**Extracted information**
┄┄┄┄┄┄┄┄┄┄┄┄┄┄┄┄┄┄┄┄

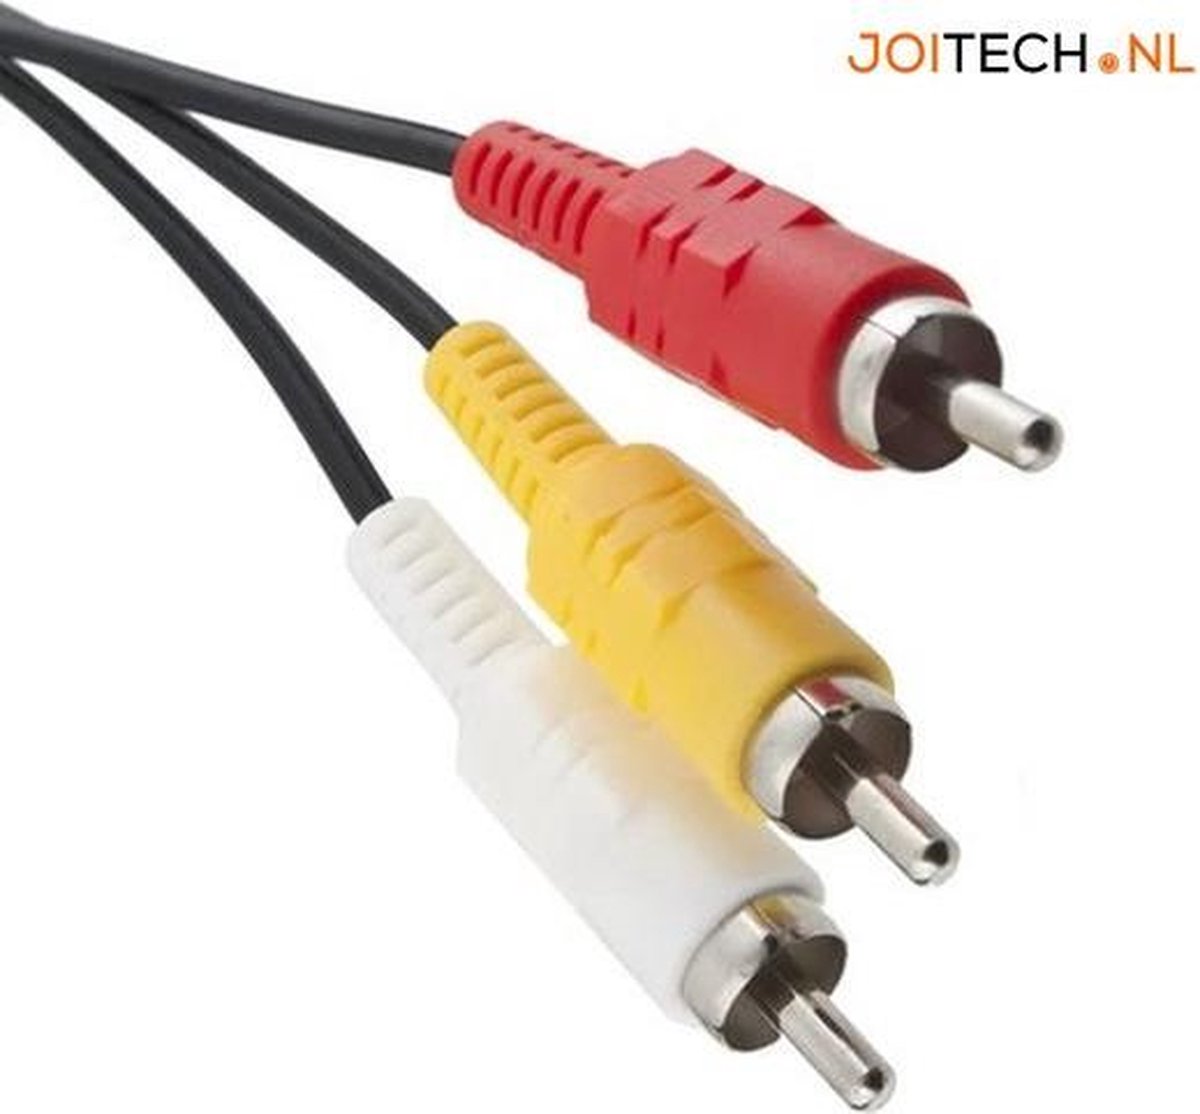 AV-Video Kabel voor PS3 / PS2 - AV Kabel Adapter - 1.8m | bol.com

┄┄┄┄┄┄┄┄┄┄┄┄┄┄┄┄┄┄┄┄

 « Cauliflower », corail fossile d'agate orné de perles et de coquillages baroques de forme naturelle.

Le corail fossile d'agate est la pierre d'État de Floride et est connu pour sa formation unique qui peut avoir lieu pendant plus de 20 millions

┄┄┄┄┄┄┄┄┄┄┄┄┄┄┄┄┄┄┄┄

**What you should do**
Please output exactly the lines between the one holding "de forme naturelle." and the one holding "Le corail fossile" in the records above, inclusive, and nothing more.

**Output of the exercise**
 « Cauliflower », corail fossile d'agate orné de perles et de coquillages baroques de forme naturelle.

Le corail fossile d'agate est la pierre d'État de Floride et est connu pour sa formation unique qui peut avoir lieu pendant plus de 20 millions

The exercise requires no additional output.